DATA EXTRACT: Begin
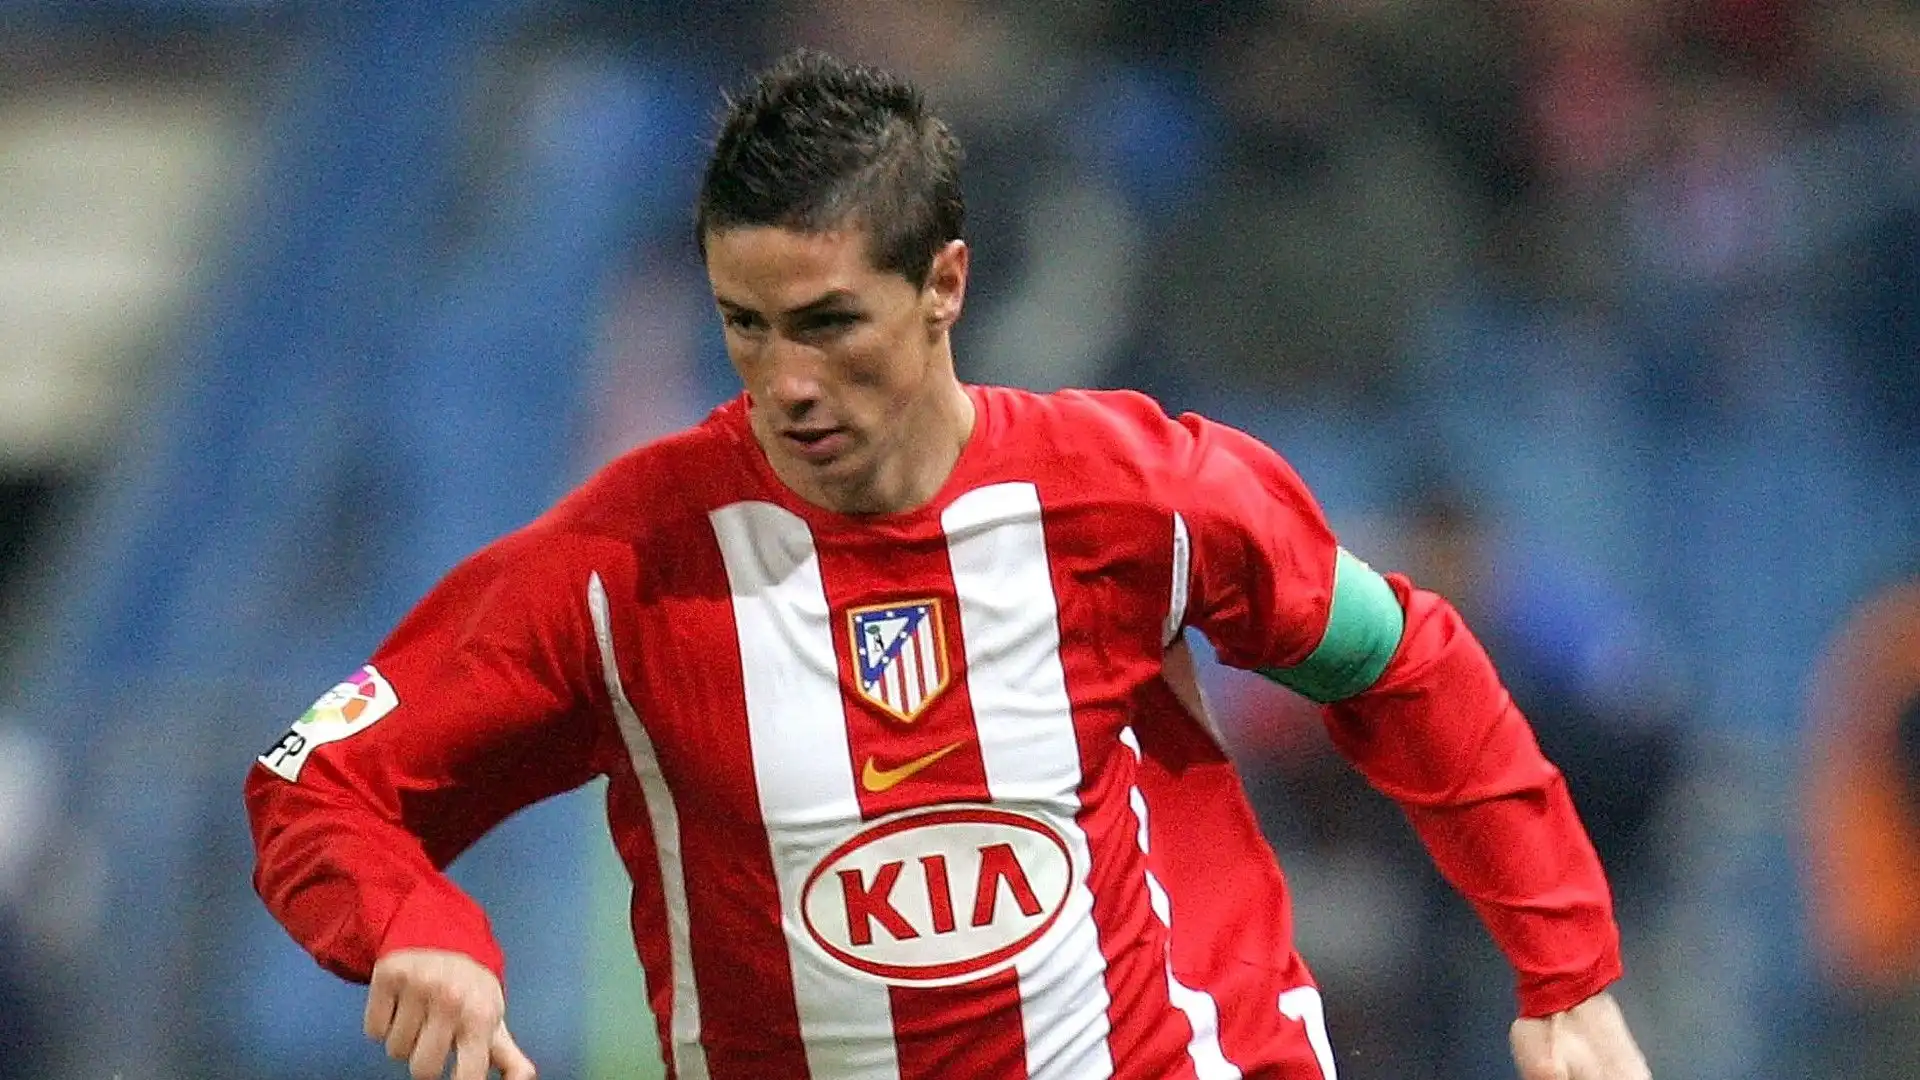 9- Fernando Torres: stagione 2007/2008 al Liverpool per 38,00 milioni di euro
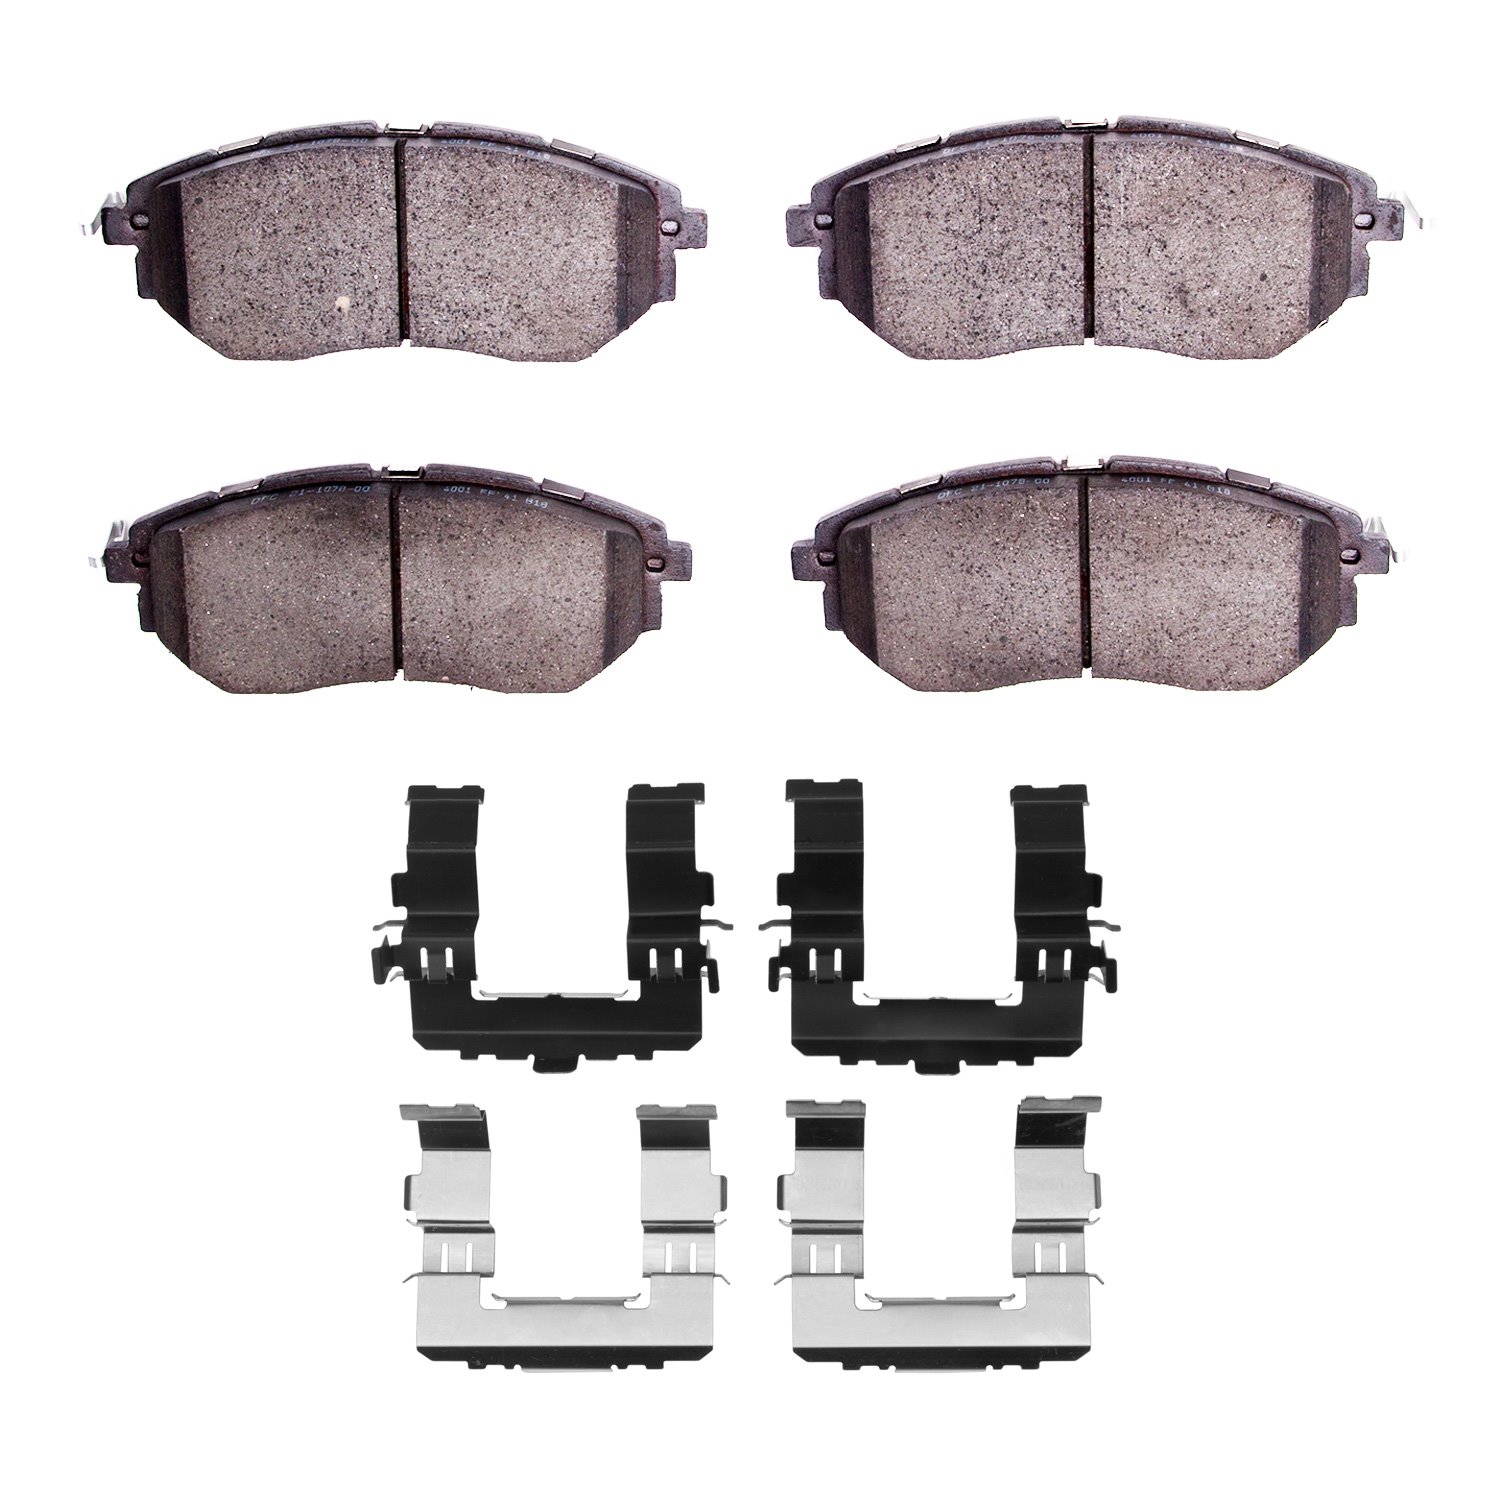 1310-1078-02 3000-Series Ceramic Brake Pads & Hardware Kit, 2015-2015 Subaru, Position: Front
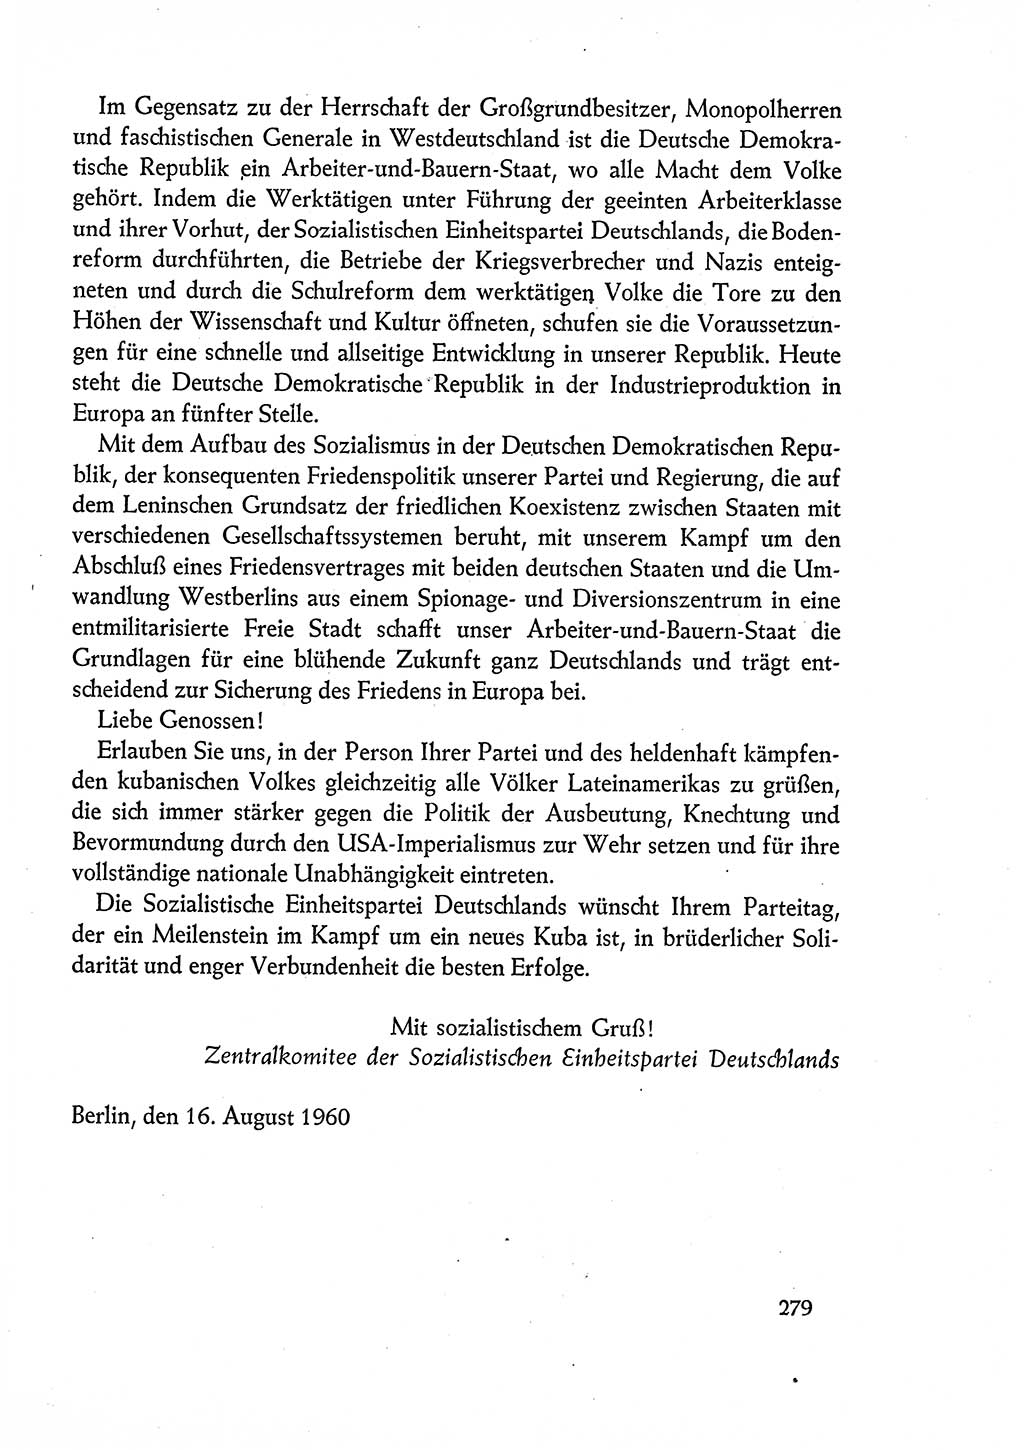 Dokumente der Sozialistischen Einheitspartei Deutschlands (SED) [Deutsche Demokratische Republik (DDR)] 1960-1961, Seite 279 (Dok. SED DDR 1960-1961, S. 279)
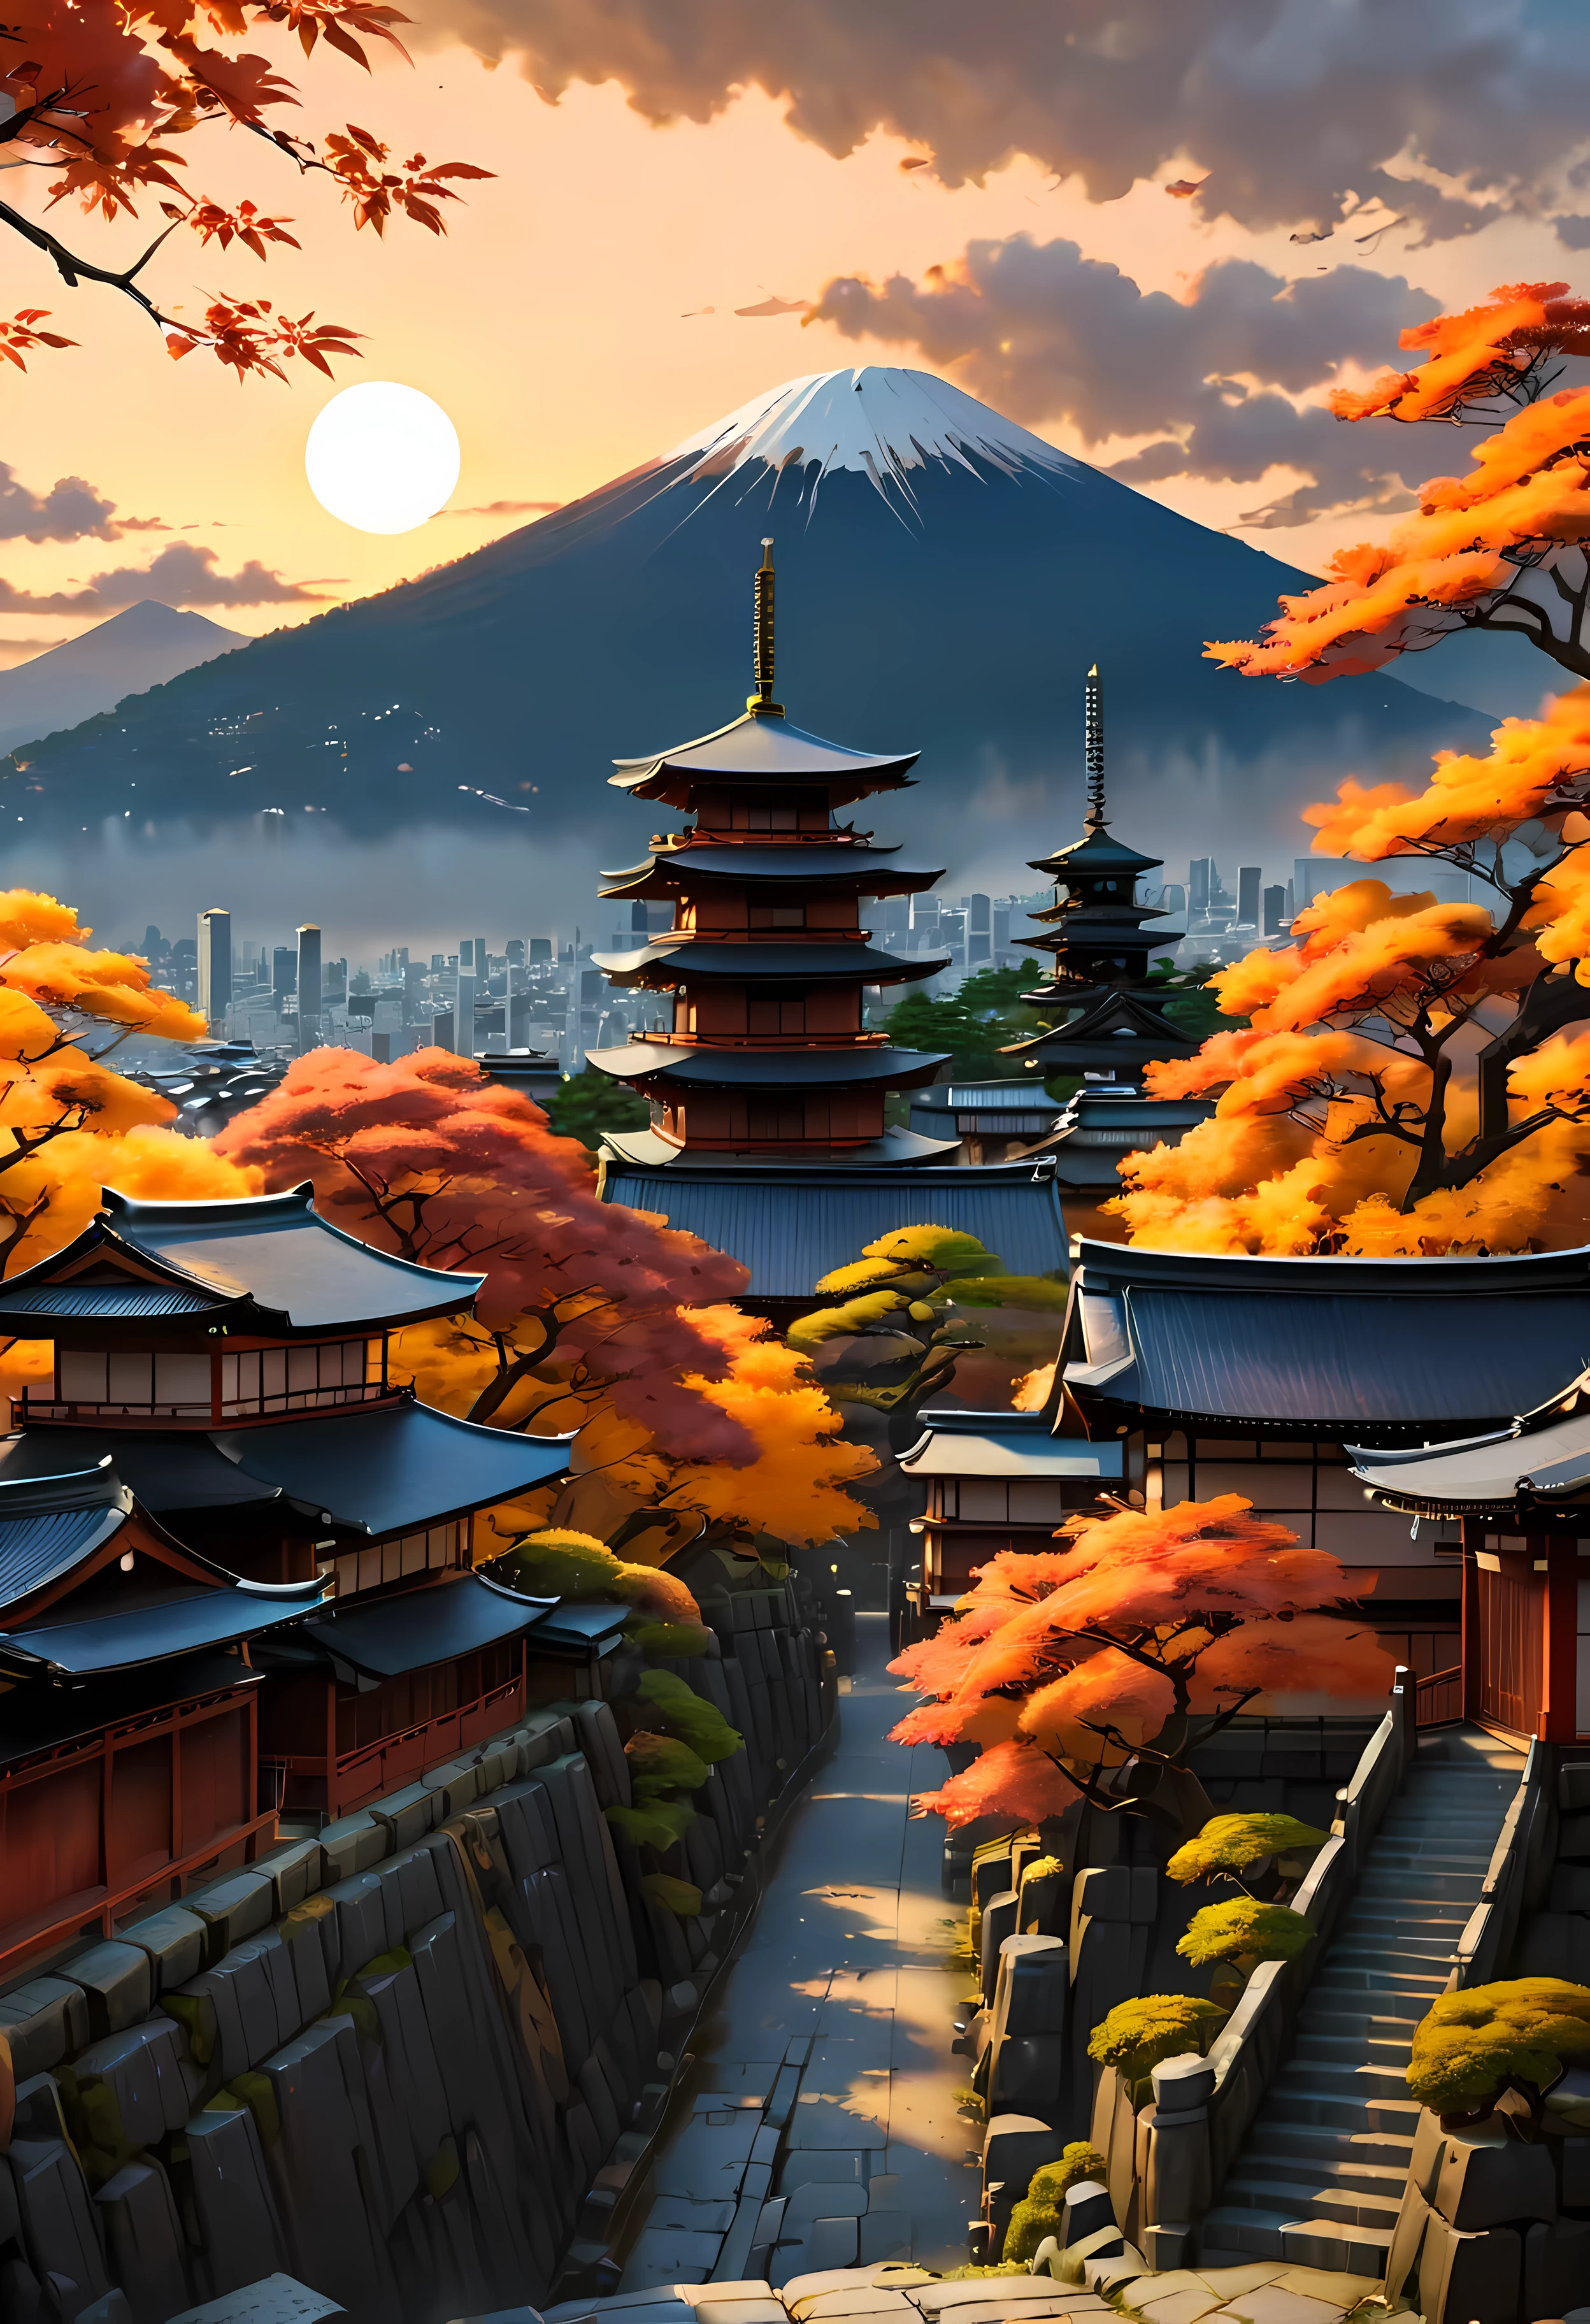 L&#39;arbre d&#39;automne rouge sur la terrasse du parc surplombe l&#39;ancienne ville de Kyoto avec vue sur la montagne, paysage de ville antique fascinant baigné par la lumière du coucher du soleil,((heure d&#39;or):1.2),((Ville antique japonaise):1.2),((Ciel coucher de soleil à l&#39;automne):1.1),délicate lumière dorée de l&#39;heure, fonds d&#39;écran incroyables, un cadre magnifique, peinture mate optimiste, Belle œuvre d&#39;art numérique, Ville antique japonaise background, Scènes belles et détaillées, UHD sous terre, Paysage UHD, Art conceptuel majestueux, belle ville antique. |(Chef-d&#39;œuvre en résolution maximale de 16K), La meilleure qualité, (qualité de fond d&#39;écran CG Unity 16k très détaillée),(Couleurs douces Art numérique 16k très détaillé),Super détaillé. | image parfaite,16k UE5,peinture officielle, superfin, profondeur de champ, pas de contraste, Mise au point nette et nette, Professionnel, Pas de flou. | (((Plus de détails))).
DATA EXTRACT: End
(PROBLEM TO SOLVE): Would you retype the material exactly, omitting each picture?

(FINAL ANSWER):
 9- Fernando Torres: stagione 2007/2008 al Liverpool per 38,00 milioni di euro
 1310-1078-02 3000-Series Ceramic Brake Pads & Hardware Kit, 2015-2015 Subaru, Position: Front
 Dokumente der Sozialistischen Einheitspartei Deutschlands (SED) [Deutsche Demokratische Republik (DDR)] 1960-1961, Seite 279 (Dok. SED DDR 1960-1961, S. 279)
 L&#39;arbre d&#39;automne rouge sur la terrasse du parc surplombe l&#39;ancienne ville de Kyoto avec vue sur la montagne, paysage de ville antique fascinant baigné par la lumière du coucher du soleil,((heure d&#39;or):1.2),((Ville antique japonaise):1.2),((Ciel coucher de soleil à l&#39;automne):1.1),délicate lumière dorée de l&#39;heure, fonds d&#39;écran incroyables, un cadre magnifique, peinture mate optimiste, Belle œuvre d&#39;art numérique, Ville antique japonaise background, Scènes belles et détaillées, UHD sous terre, Paysage UHD, Art conceptuel majestueux, belle ville antique. |(Chef-d&#39;œuvre en résolution maximale de 16K), La meilleure qualité, (qualité de fond d&#39;écran CG Unity 16k très détaillée),(Couleurs douces Art numérique 16k très détaillé),Super détaillé. | image parfaite,16k UE5,peinture officielle, superfin, profondeur de champ, pas de contraste, Mise au point nette et nette, Professionnel, Pas de flou. | (((Plus de détails))).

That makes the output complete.